Salmonella and Yersinia contain effector proteins that resemble host PTPases and target central inflammatory signaling to shut down host immune cells (Fig. 2e) [6,7]. Like CagA and Tir, PTPase-like bacterial effectors were discovered by sequence homology studies [23]. The structurally related effectors SptP and YopH share homology with eukaryotic PTPases [23] and are essential for virulence of Salmonella and Yersinia, respectively. Bacterial PTPases have a myriad of known host targets and other well-established functions. In this review, we focus on the bacterial strategies that disrupt inflammatory responses through dephosphorylation of signaling intermediates by bacterial PTPases. We do not cover general tactics used by bacteria to interfere with inflammatory signaling through inactivation of signaling molecules by other effector proteins, such as the Yersinia leucine-rich repeat effector YopM [24,25]. Choi et al. demonstrated that Salmonella typhimurium secretes SptP to impede inflammatory responses [6]. SYK is an essential protein tyrosine kinase for IgE-mediated mast cell degranulation. WT S. typhimurium suppresses IgE-induced phosphorylation of SYK, whereas an isogenic ΔsptP mutant is not able to do so. In vivo, mast cells fail to degranulate and recruit neutrophils upon infection with S. typhimurium. In the absence of SptP, however, mast cells do degranulate and neutrophils are rapidly recruited to sites of infection, demonstrating a direct role for SptP in suppressing mast cell activation, neutrophil influx and bacterial clearance.

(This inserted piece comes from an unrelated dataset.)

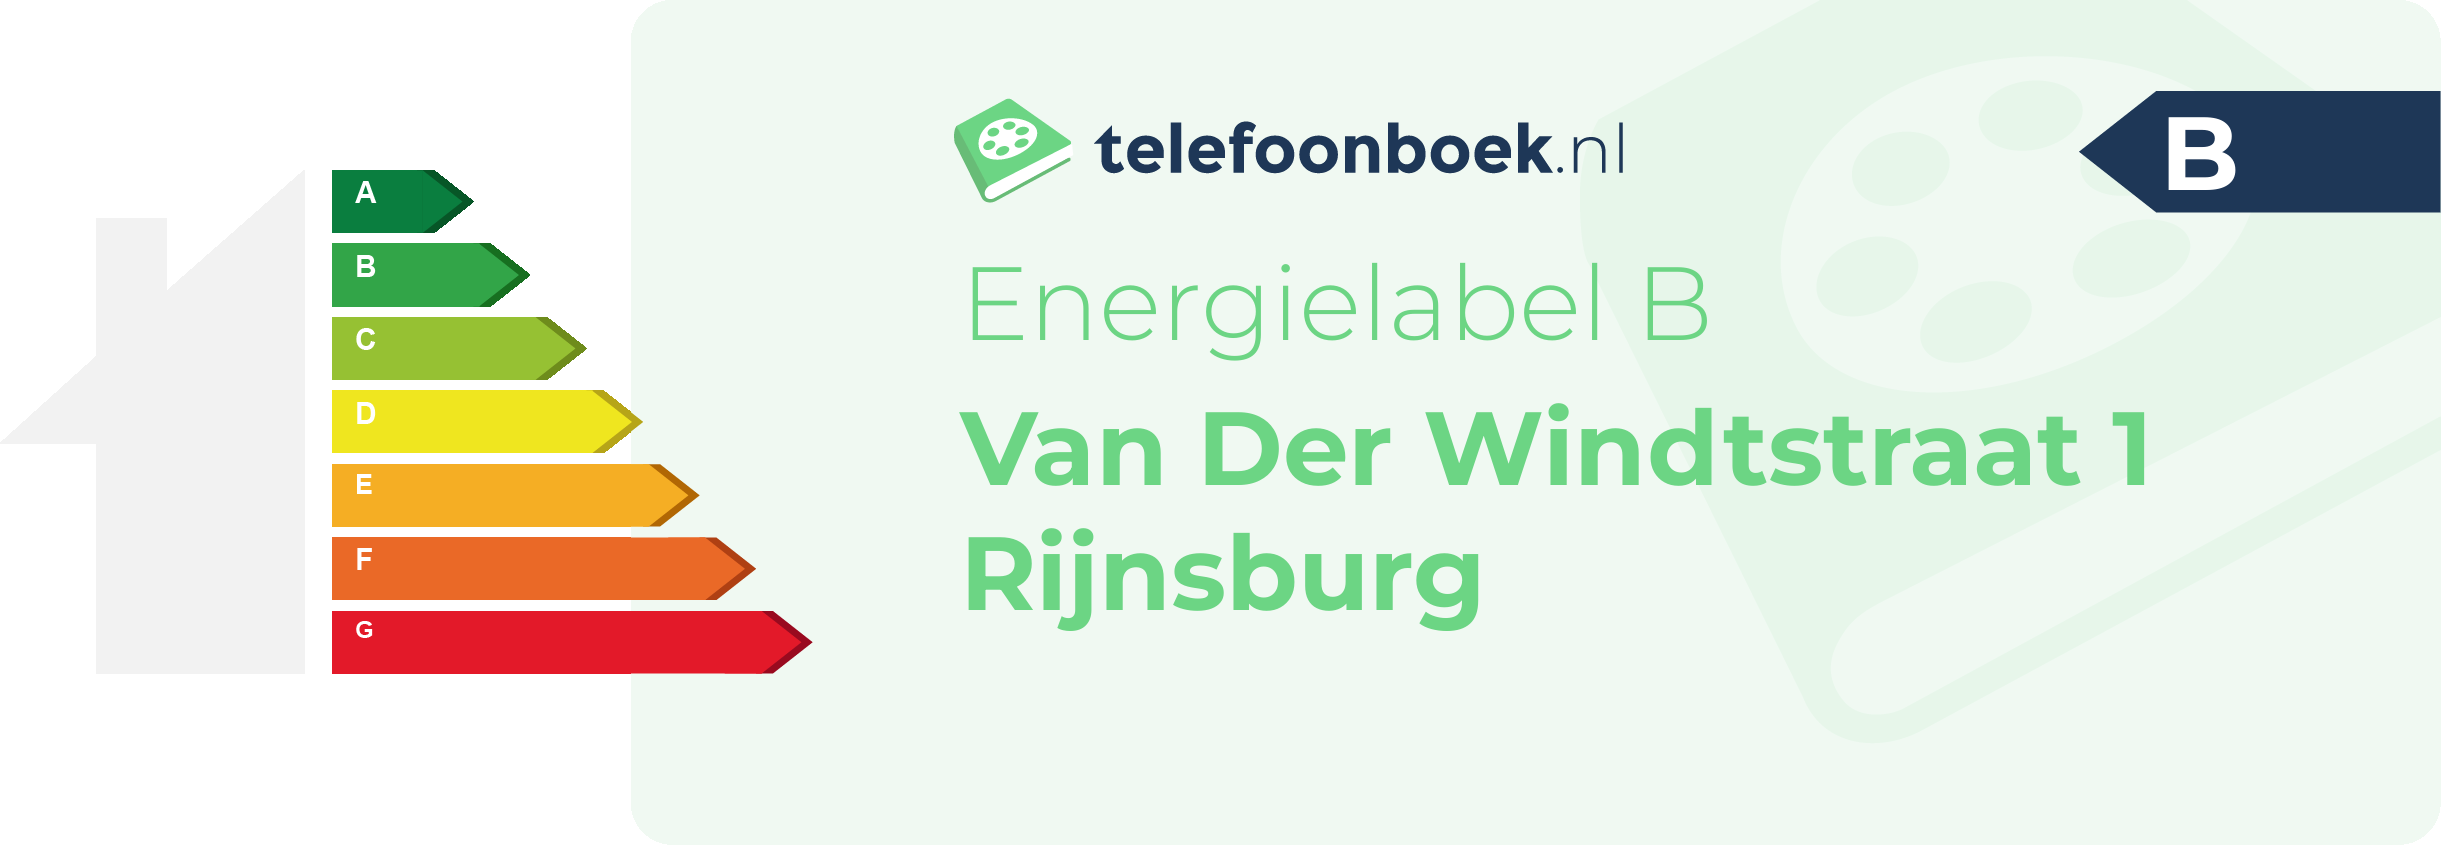 Energielabel Van Der Windtstraat 1 Rijnsburg
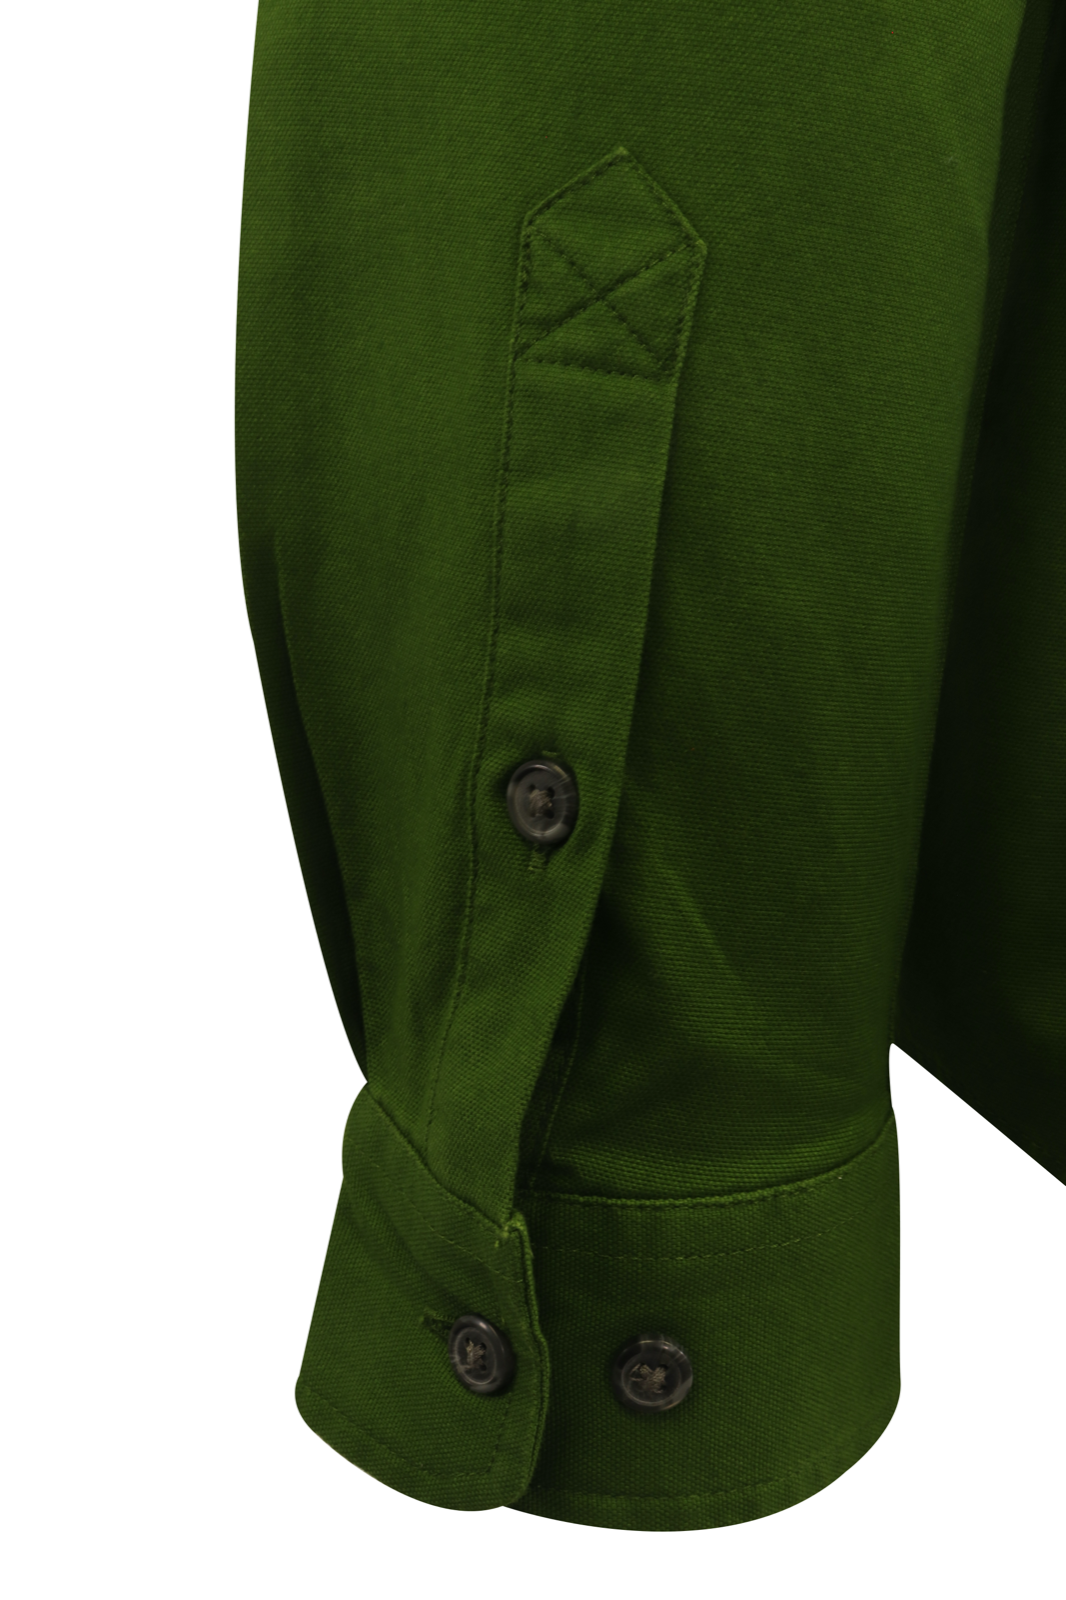 Carhartt Men's Flannel Shirt Lime Green Rugged Long Sleeve (328)

Neutrophils are also recruited to inflammatory lesions after infection with Yersinia pseudotuberculosis (Yptb), another gram-negative human pathogen. In a recent study, it was shown that the PTPase-like effector YopH affects phosphorylation of the crucial signaling adaptor SLP-76 and activation of its downstream effectors in recruited neutrophils, dampening calcium responses and IL-10 production [7]. Depletion of neutrophils allows the outgrowth of a mutant lacking YopH, indicating that YopH is critical for attenuating neutrophil bactericidal functions to enhance survival of Yptb.

Concluding Remarks

Since the first descriptions of an ITIM in FcγRIIB and CD22 over 15 years ago [26,27], many inhibitory receptors are still being discovered by the presence of intracellular inhibitory motifs. To date, genomic and proteomic informatics revealed more than 300 ITIM-bearing proteins [28,29], and many of them still await demonstration of function. Studying the mechanisms of bacterial manipulation of inhibitory signaling may provide useful insights on the functional roles of novel ITIM-bearing receptors. Clearly, bacteria have evolved sophisticated strategies to successfully instigate host inhibitory signaling, allowing evasion of immune defense mechanisms. Insight regarding these strategies is crucial to design approaches to control infection. In an era of growing resistance to antibiotics, blocking of subverted host receptors or counteracting the virulence factors involved affords promising approaches to overcome immune evasion by pathogens.